Although widely disputed, I first came across the quotation at Eli Lilly “None of us is as smart as all of us” as attributed to the American baseball player, Satchel Paige. I must admit that, in the main, I’m not a great fan of sporting motivational quotations applied to business, especially the pharmaceutical industry, but it has given us some gems, such as “It’s a funny old game” (James Greaves), “Baseball has the great advantage over cricket of being sooner ended” (George Bernard Shaw) and the classics “You can observe a lot by just watching” and, who could forget, “Baseball is 90 percent mental and the other half is physical”? (Both from Yogi Berra). Although motivational quotes can be of dubious use, the spirit behind “None of us is as smart as all of us” strikes a chord with many. The days when Pharmaceutical Companies ploughed their own furrow are becoming a fading memory and drug discovery is becoming, very much, an enterprise that values the benefits that collaboration and partnership can bring.

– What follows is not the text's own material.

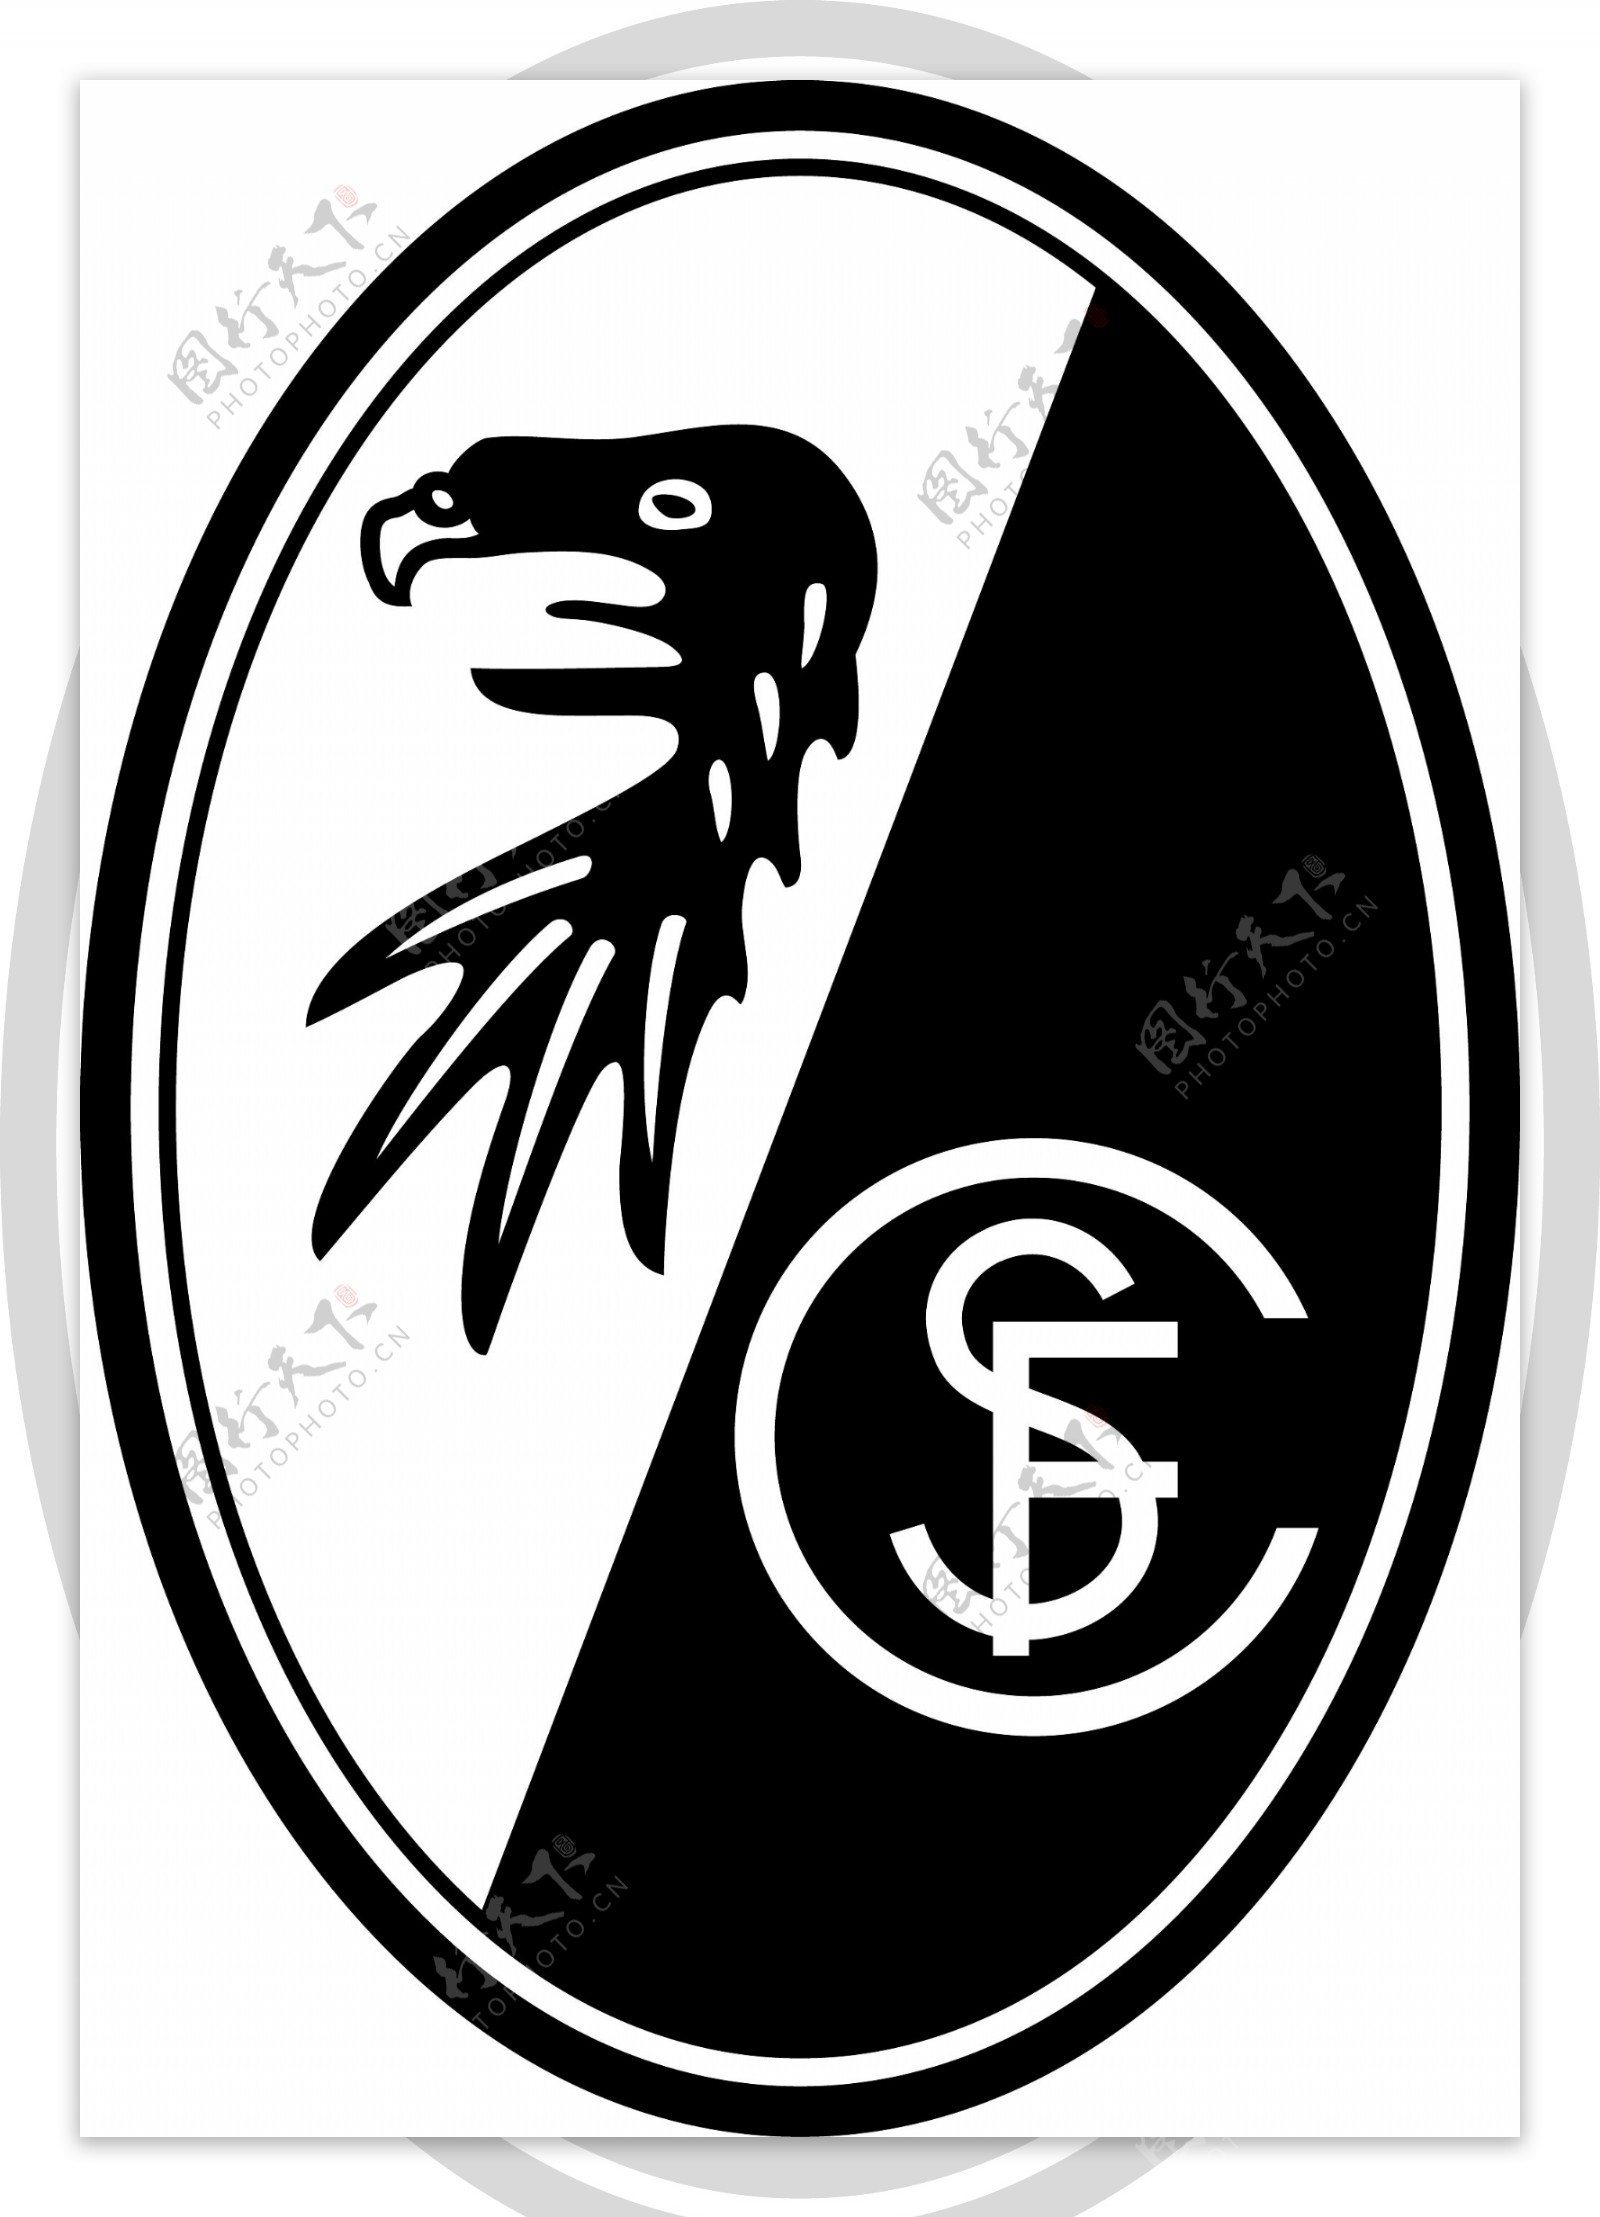 弗赖堡足球俱乐部徽标图片
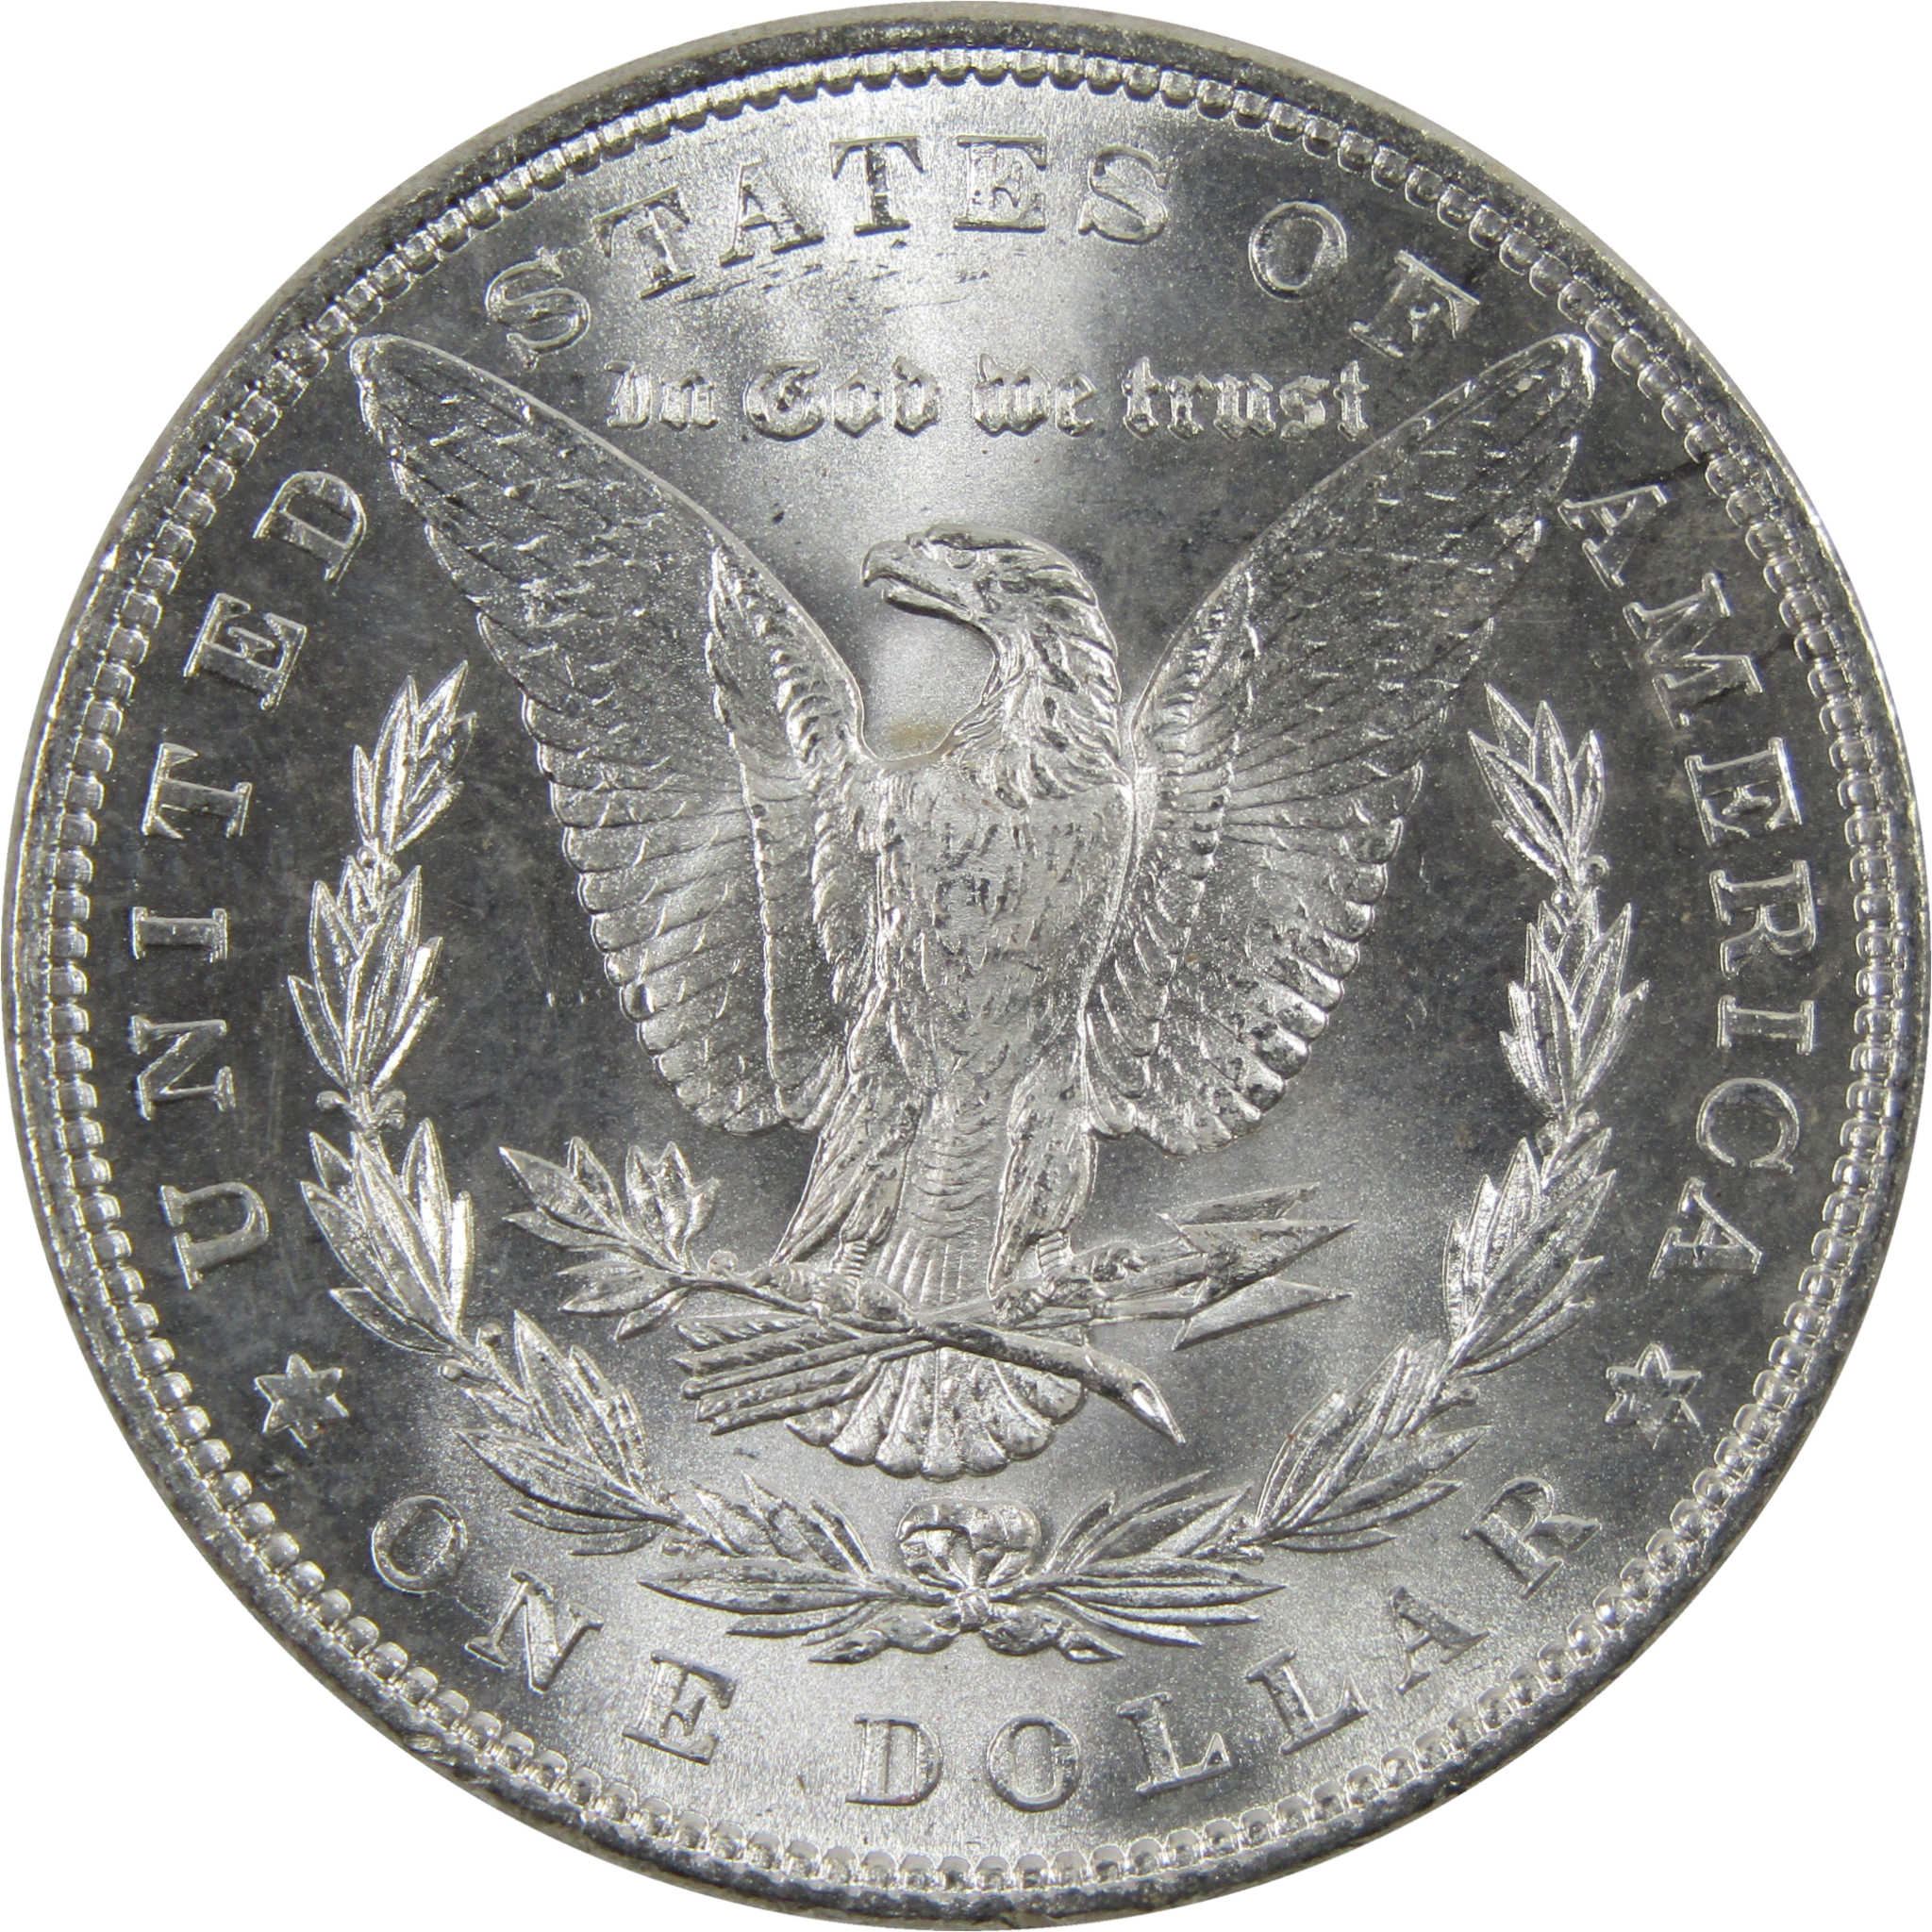 1884 Morgan Dollar BU Uncirculated 90% Silver $1 Coin SKU:I6008 - Morgan coin - Morgan silver dollar - Morgan silver dollar for sale - Profile Coins &amp; Collectibles

The three feature articles in this month’s newsletter highlight the benefits and issues that can accompany alliances and collaborations.
The first article is by John Qi Dong and Killian J. McCarthy from the University of Groningen and is entitled: “When more isn’t merrier: pharmaceutical alliance networks and breakthrough innovation”. The authors describe how they have developed a model of the US pharmaceutical industry strategic alliances (particularly with universities) and how they have impacted breakthrough innovation. The authors highlight that companies tend to be involved in multiple, simultaneous alliances. Their model allows the analysis of strengths and benefits of such alliances, but they also highlight some caveats of adopting, as they put it, “…a more the merrier approach to strategic alliance making”.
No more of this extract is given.